November 17,2009
Juan Ogalla起舞:小雨落瞴停 Llvia de Ogalla
聽說現在為了製造效果,有些男舞者會在上台前把長髮打溼,甩頭時正好製造舞台效果。女舞者有長尾裙,偶們男生至少有閃閃亮亮的長髮可甩!

November 14,2009
November 13,2009
November 1,2009
跟著天使,煉鑄我的佛朗明哥 Flamenco con Angel
有些朋友聽到我得搭一小時的火車去里昂學佛朗明哥,總覺得此廝太誇張,捨近求遠,放棄住家附近的學校不上,寧可跑去里昂上課。可是,我覺得自己很幸運,雖然住在小鎮,還好離大城不遠,當我對在地的東西失望時,在里昂這座臥虎藏龍的大城總能找到其他選擇,遇到一些貴人,繼續帶著我呵護著自己的小小興趣。
我不太記得是怎麼找到我的里昂「佛」學貴人的了,在網路上搜尋了相關資訊,我就跑去上這所里昂佛朗明哥學校的每月短期課程。

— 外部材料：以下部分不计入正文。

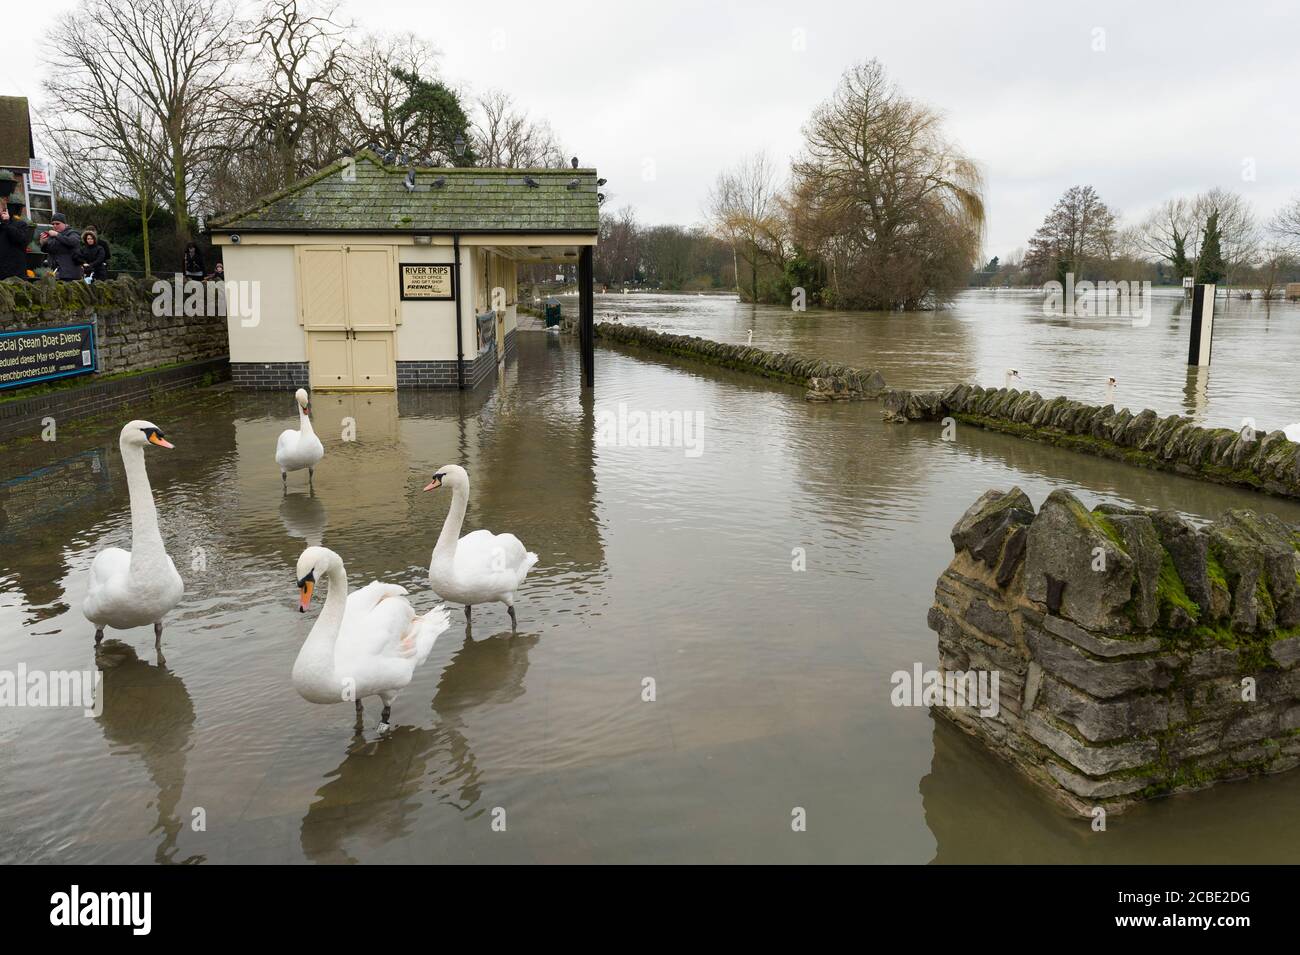 Propriétés inondées sur les rives de la Tamise à Windsor après que la Tamise ait éclaté sur ses rives. Windsor, Berkshire, Royaume-Uni. 10 févr. 2014 Banque D'Images

第一次走進這所佛朗明哥舞蹈教室,還是菜鳥一枚,沒有多大信心,在座的學員姊妹們看起來都粉厲害的樣子。教室位於里昂北邊,附近大多是觀光客不會想要拍照留念的普普公寓大樓,一走進這所教室,彷彿通過了任意門,回到了安達魯西亞。入口設置了一個貼有青花瓷磚的吧台,還有個練習教室與更衣室,也都頗有西班牙南方風味。
就在我忐忑不安等候時,吧檯裡冒出了一個滿面笑容的小鬍子少年兄,問我要不要來杯咖啡,我應聲說好。等候咖啡煮沸時,他說起他的名字,在法國有不同發音方式,照西班牙文應該叫做安黑勒(Angel)。
哇,那是天使的意思耶。
想到眼前這個笑容滿滿的年輕人名叫天使,我還是第一次遇到會請我喝咖啡還長鬍子的男天使。
咖啡喝得差不多時,他起身吆喝:「好,我們上課去吧。」
啊?
只見他迅速就定位站到學員們前面,背對著鏡子看著我們。然後,他一跳起舞來,就像某些武林高手,全身散發出佛朗明哥的「氣」。天啊,這位泡咖啡給學生喝的天使就是這所舞蹈教室的老師啊。
雖然已經在網路上看了佛友們關於天使老師課程的評論,正反意見皆有,自己第一次上課時還是像是洗三溫暖,心情起伏上下。安黑勒有時會讓資深學員來帶著大家自主練習,或是暫時抽離掉模仿對象,讓學員自己來跳,這對當時習慣跟著老師跳的我來說相當不習慣。既然來了,咬牙皮繃緊,就這樣跟下去吧。
去年課程進入尾聲時,老師問我們是否還記得所有舞序,我說我記得,秀了一段後,他毫不掩飾他失望的表情,直接了當地說,這麼跳的話,什麼都不是… 他告訴我們要為舞蹈注入intentions,這樣才可能觸動別人。雖然當場被潑了一桶冷水,這個冷水澡倒是狠狠地提醒了我。
從此我跟定了這位說話直爽的小鬍子天使。
天使老師的學校名叫 « la Fragua »,字典上說這是「鎔鑄場」的意思。是啊,腳步如狂風驟雨般踩踏,就像工匠般一槌又一槌地錘鍊金屬,厲害的可以直接敲進別人的心房。老師說,他只是個傳遞者,他也說佛朗明哥是很「現實」的(ingrat),不練就沒有功夫,他自己也是天天練習。
聽一些資深學員說,天使老師舞跳得棒,也很會教學,可是不太會管理學校其他事務,期末成果展都是學員們自己打理的,不過看起來她們似乎也已經習慣了。只要天使老師繼續熱血熱心教學,我想,一定會有學員死忠跟著他。我多想每個禮拜都去跟他上課,他今年還開設了Farruca的課,可惜沒有那麼多私房錢啊。
去年戰戰兢兢去里昂,每個月上課所得遠比我在小城每週課程要來得豐富得多。今年終於有機會上buleria,他教的是buleria de jerez。那個週末剛好有西班牙老師來里昂開大師營,可能不少學員都跑去他那邊上課,結果那一天我們就只有四隻小貓,平常每月短期課程至少有一倍以上的學生。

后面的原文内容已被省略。